■ **Exercise prompt**
What you give back should be exactly the lines from the one with "Women's Authentic Original" through the end of the data, without the pictures.

■ **Data extract**
━━━━━━━━━━━━━━━━
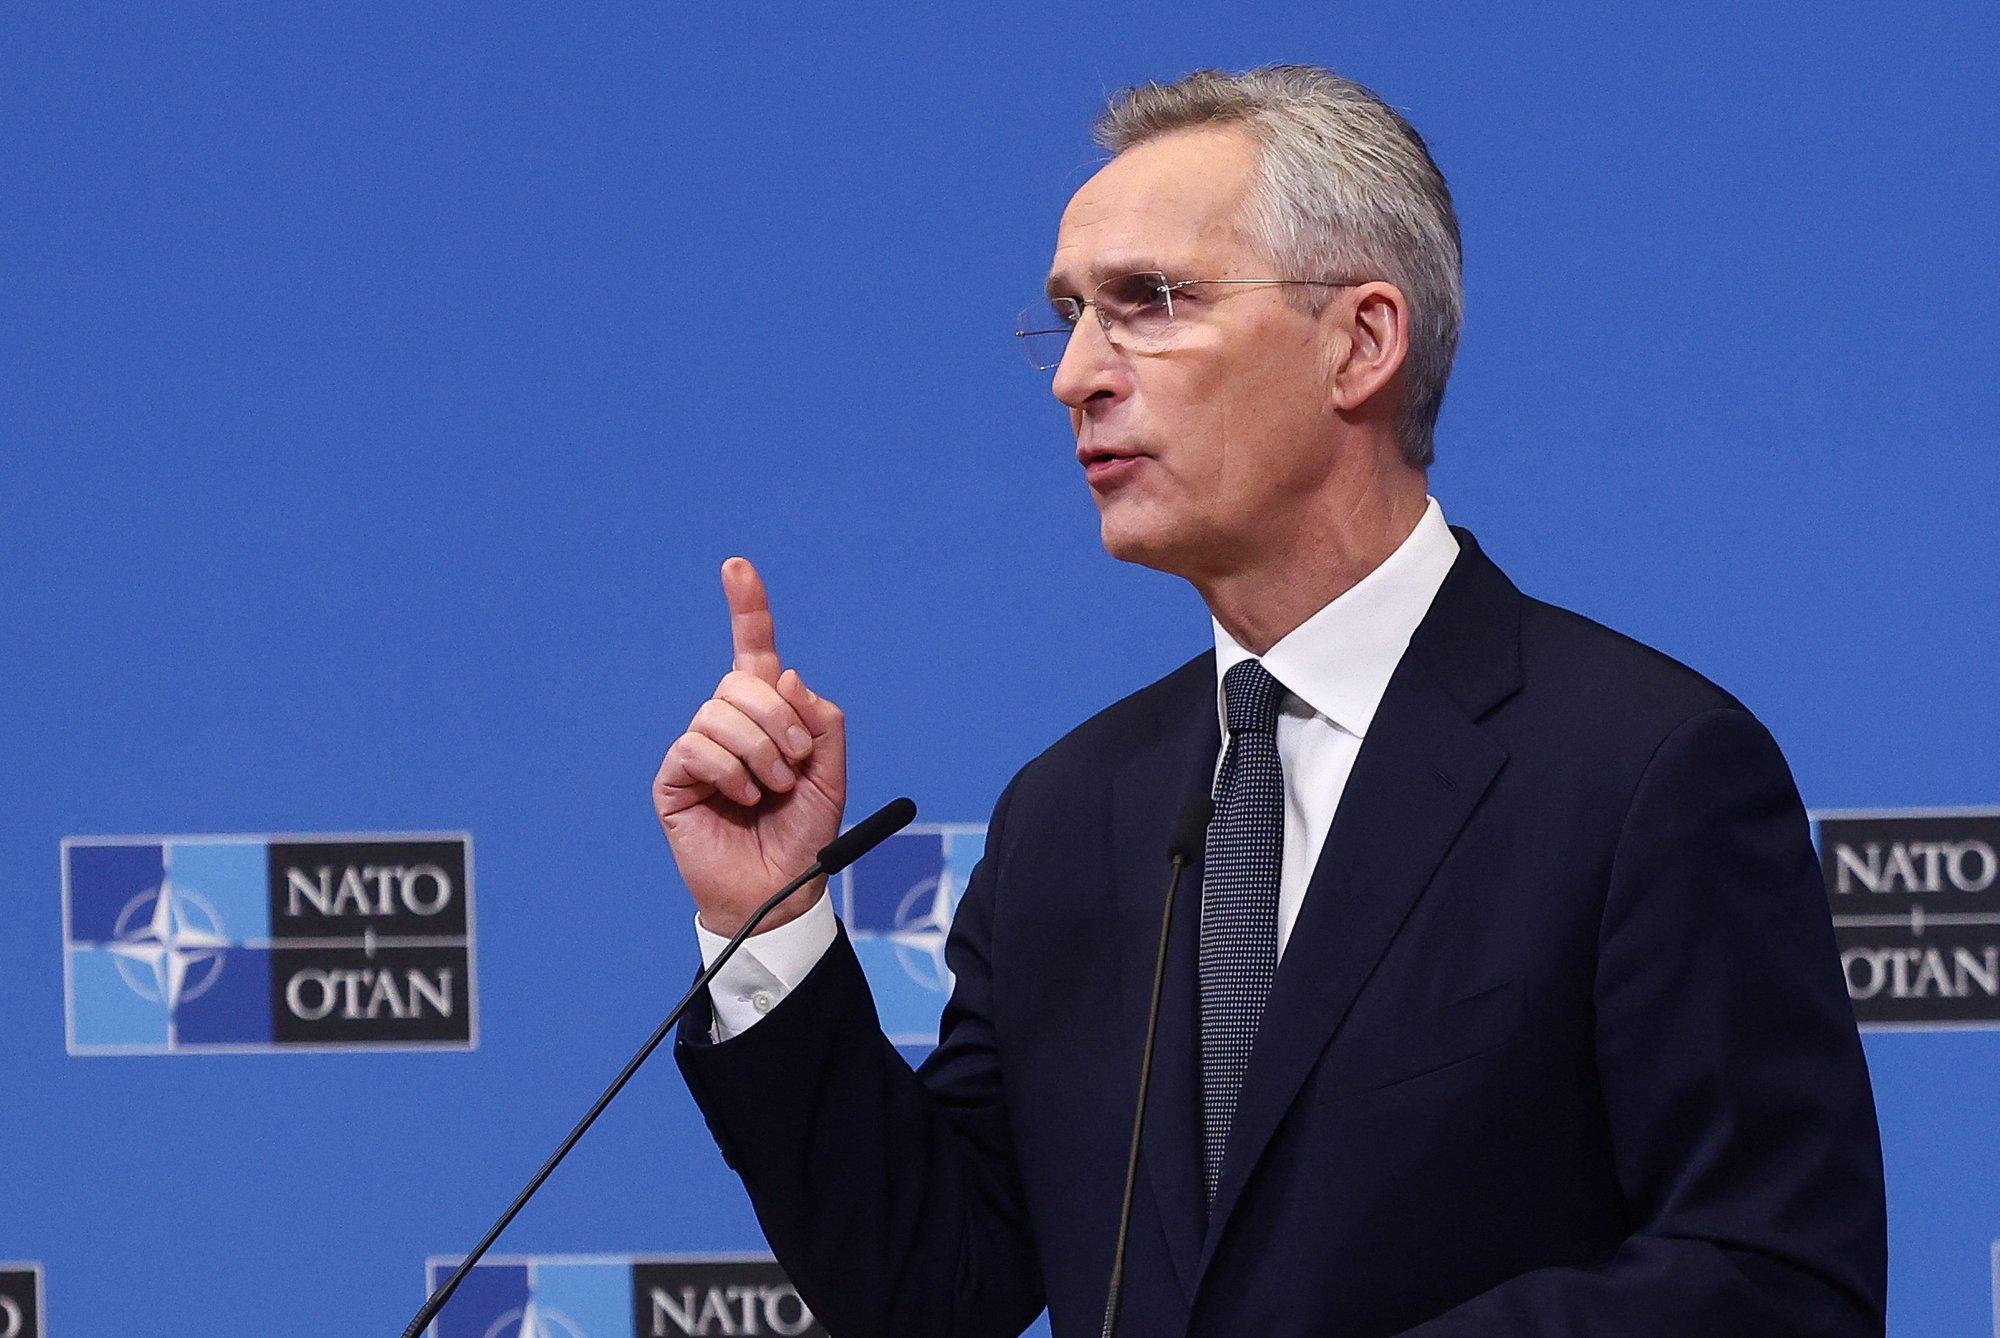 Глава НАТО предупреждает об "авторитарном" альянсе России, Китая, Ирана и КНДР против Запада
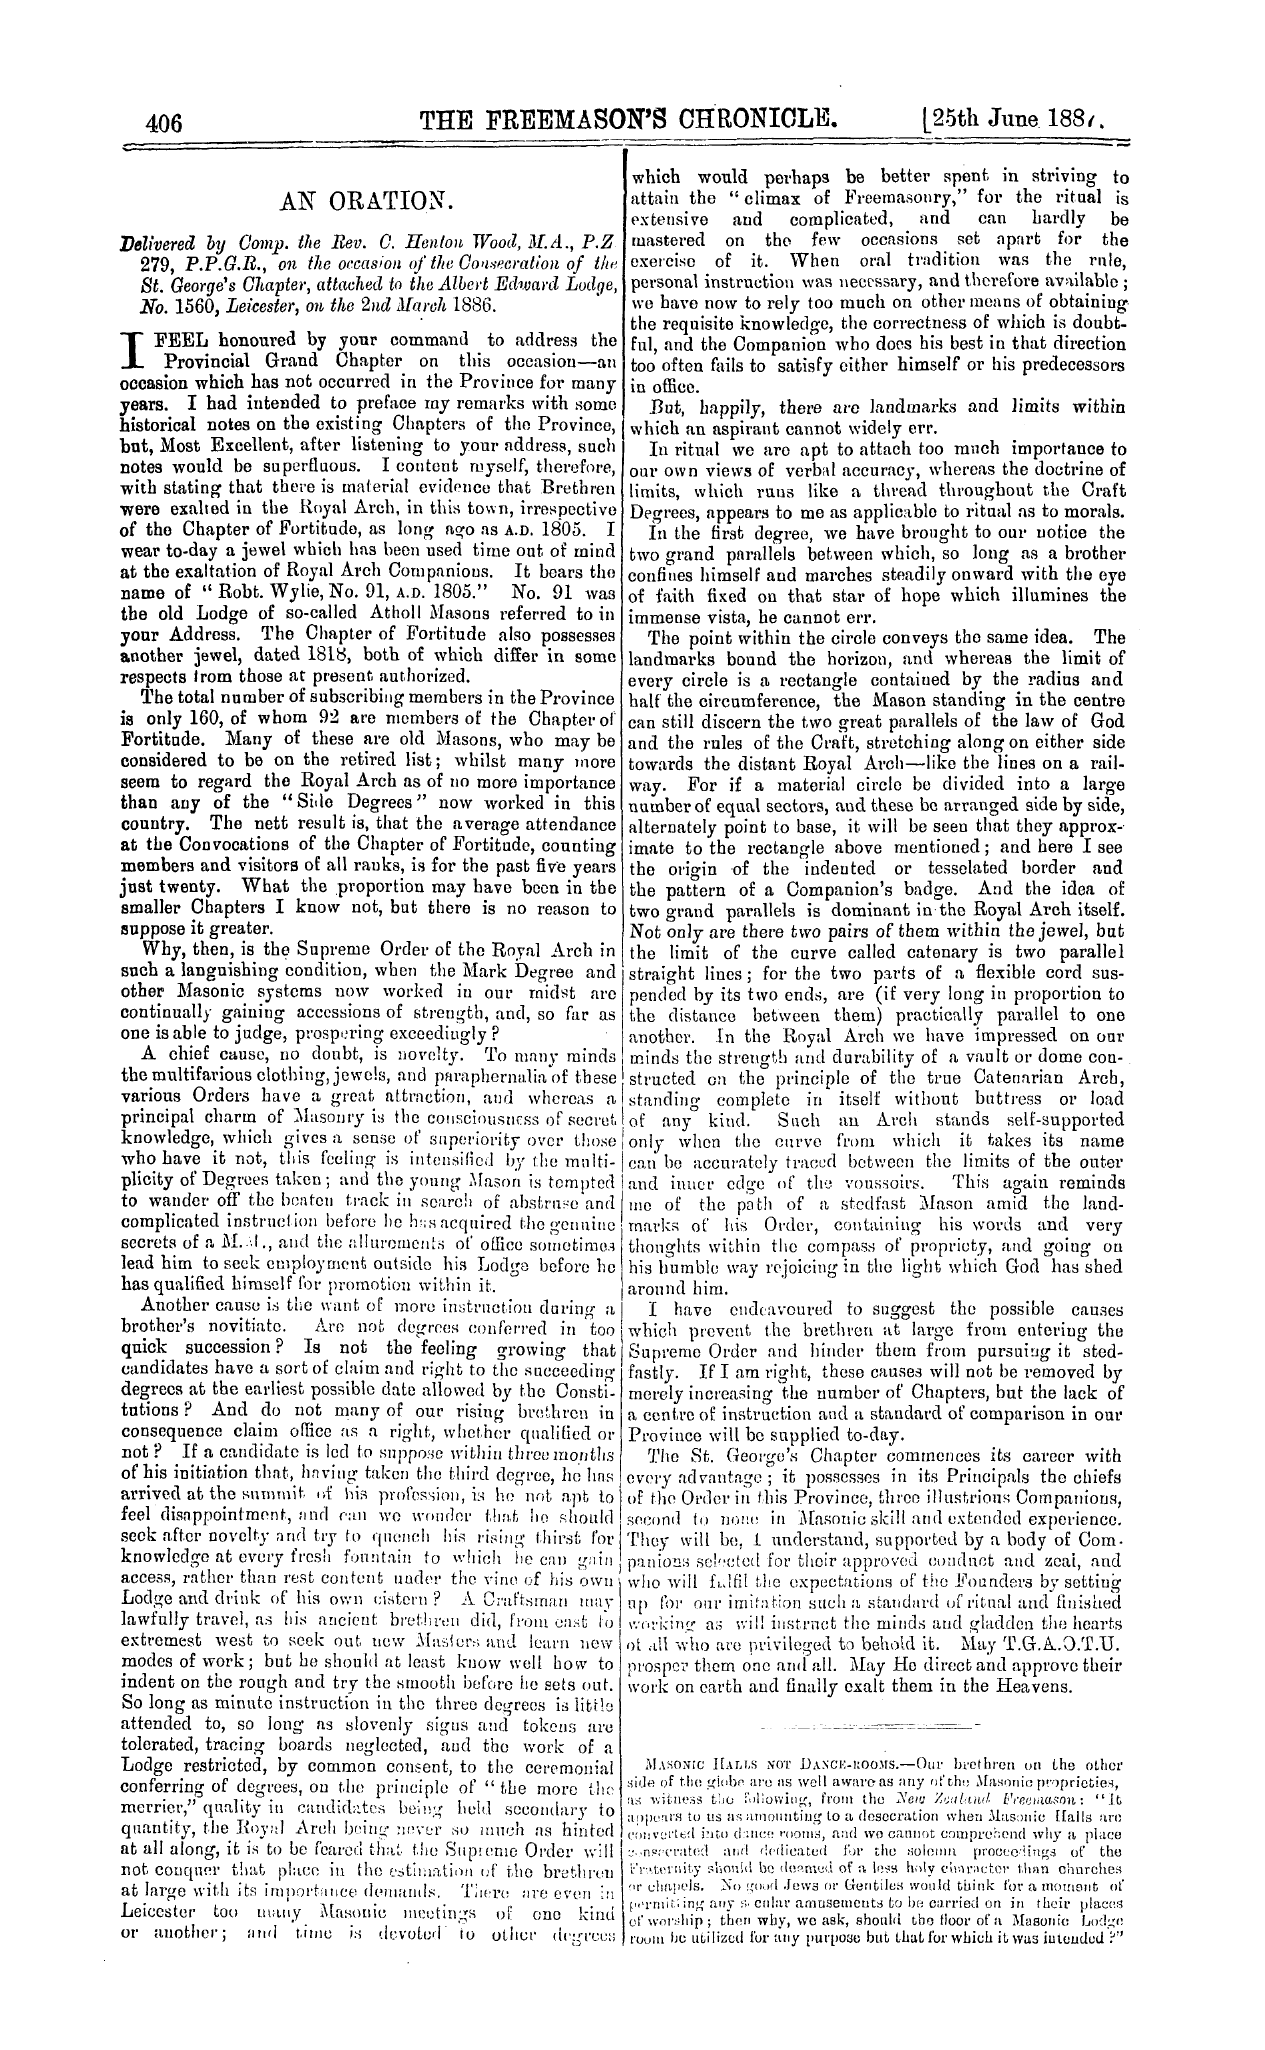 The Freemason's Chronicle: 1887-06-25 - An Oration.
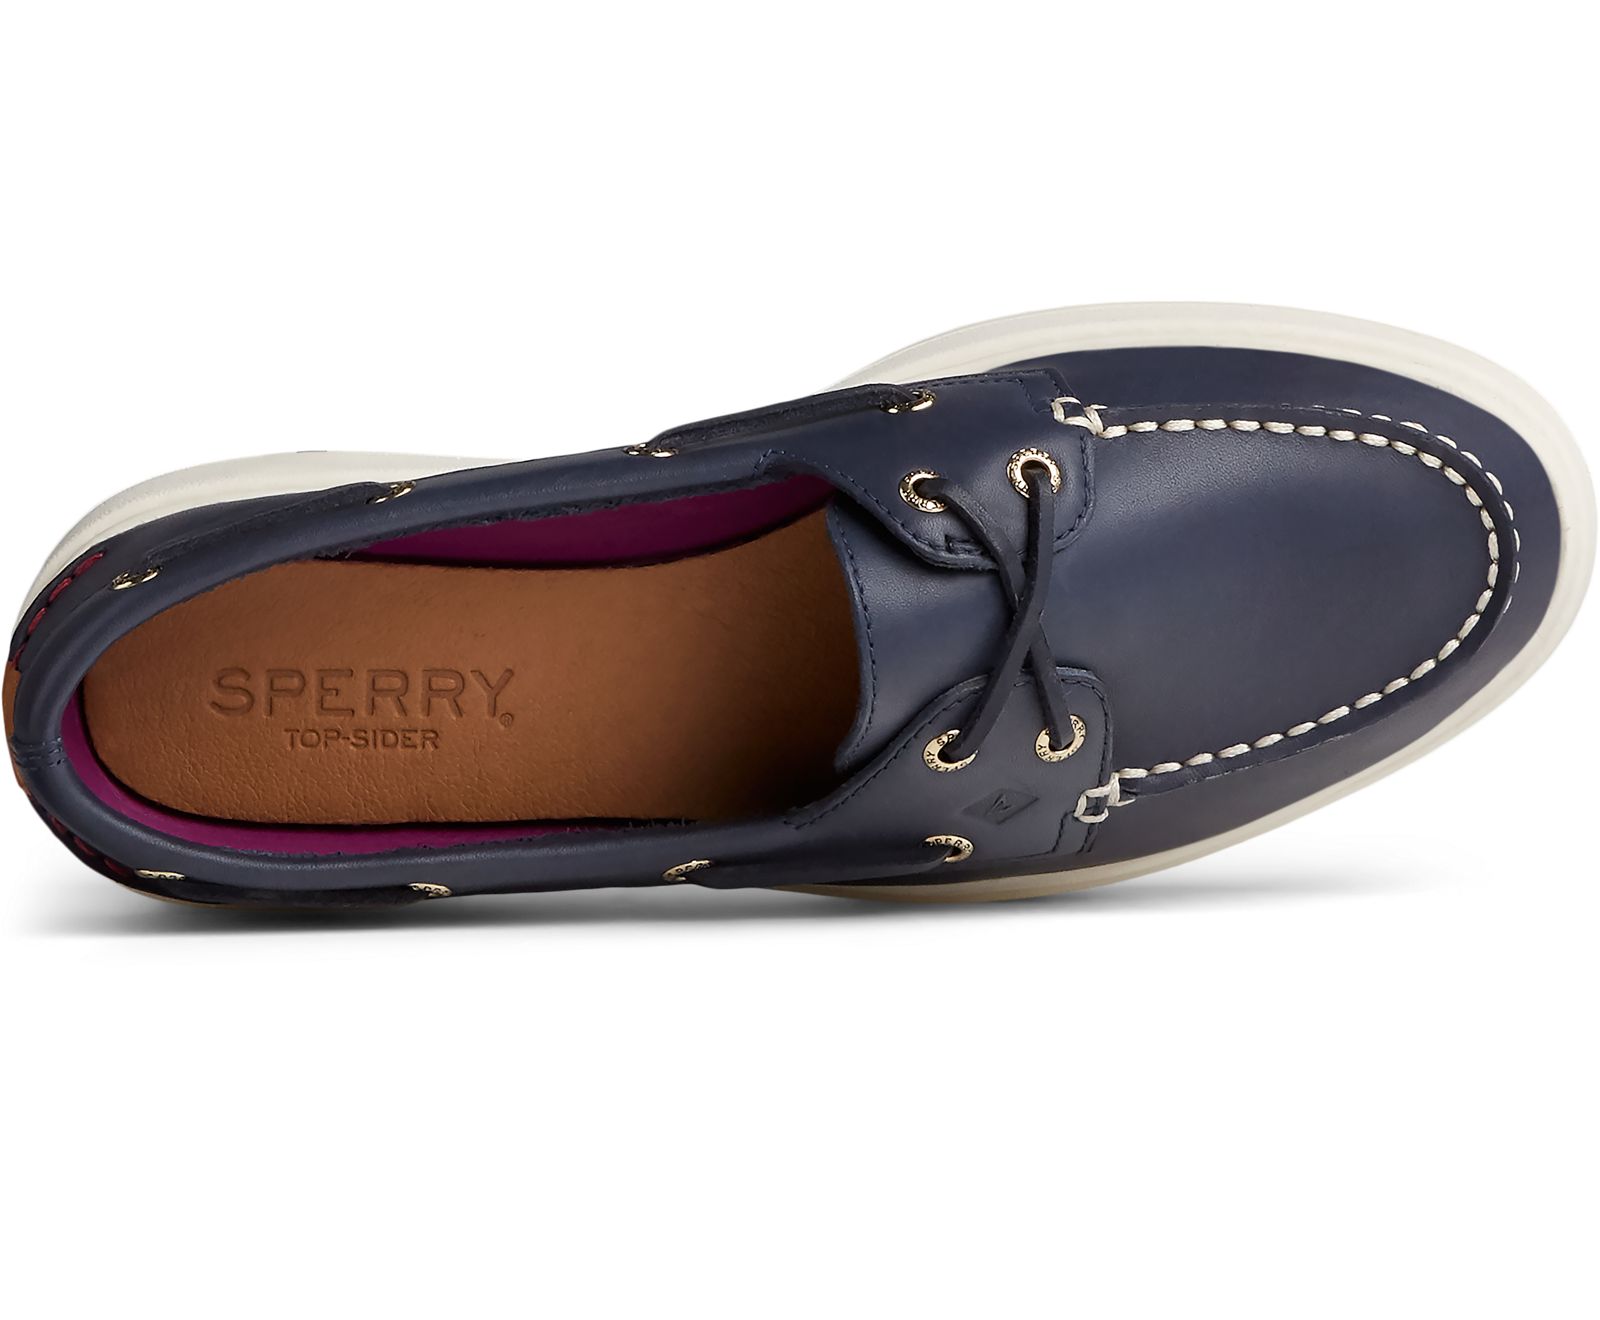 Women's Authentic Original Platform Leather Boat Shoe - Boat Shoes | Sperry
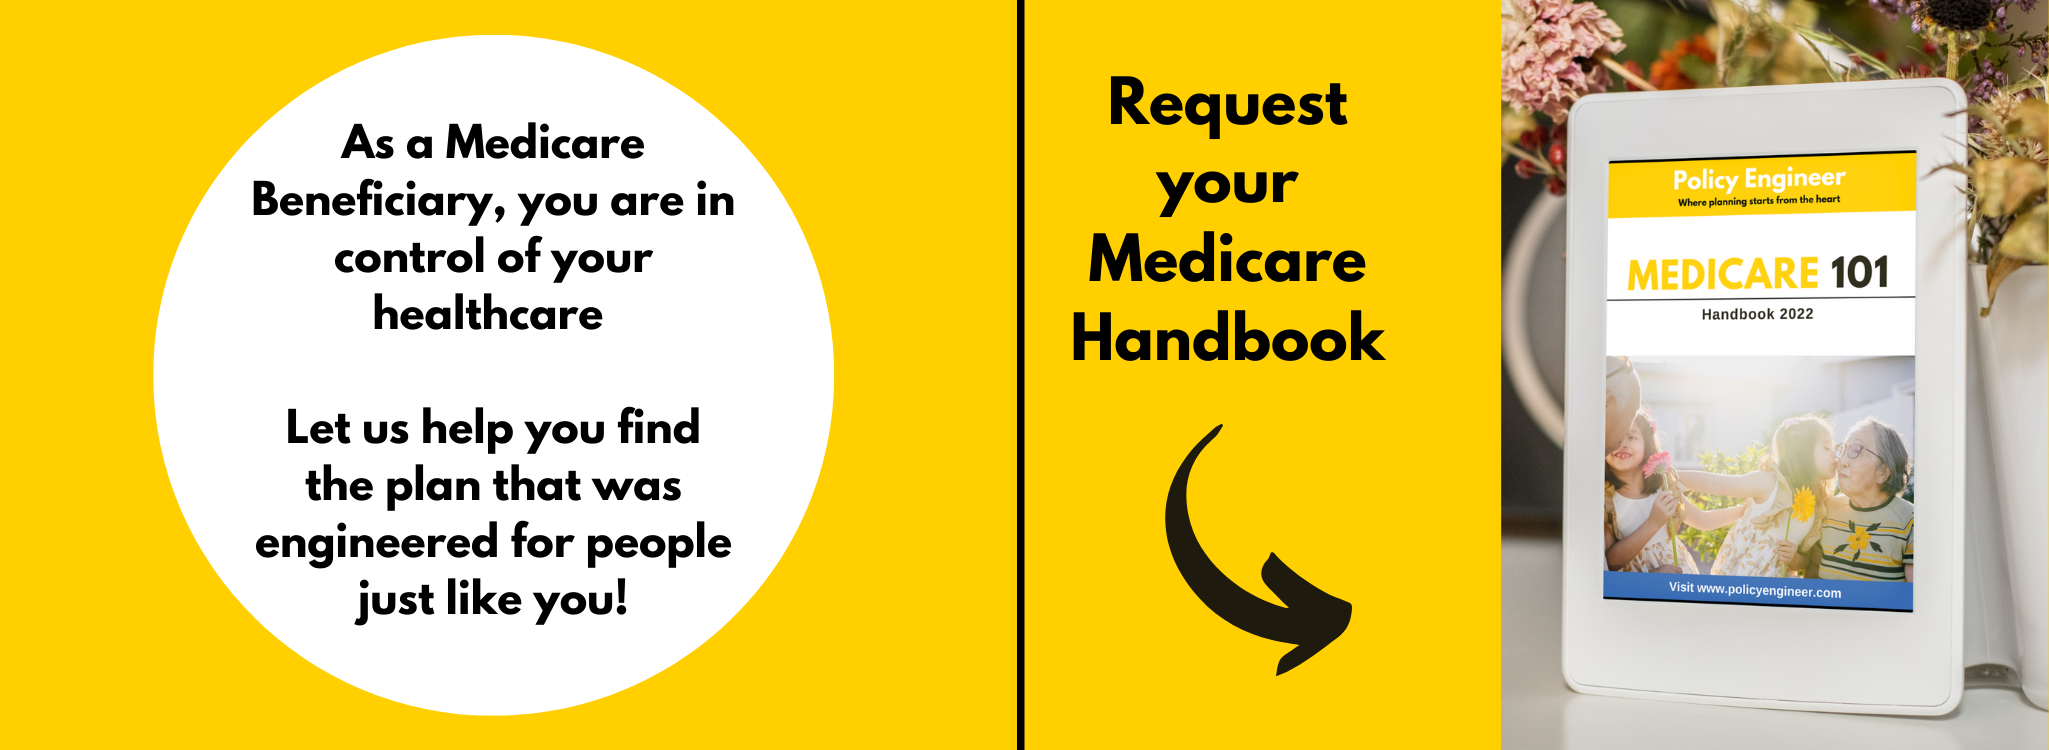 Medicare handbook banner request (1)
━━━━━━━━━━━━━━━━
■ **Exercise response**
 Women's Authentic Original Platform Leather Boat Shoe - Boat Shoes | Sperry
 Medicare handbook banner request (1)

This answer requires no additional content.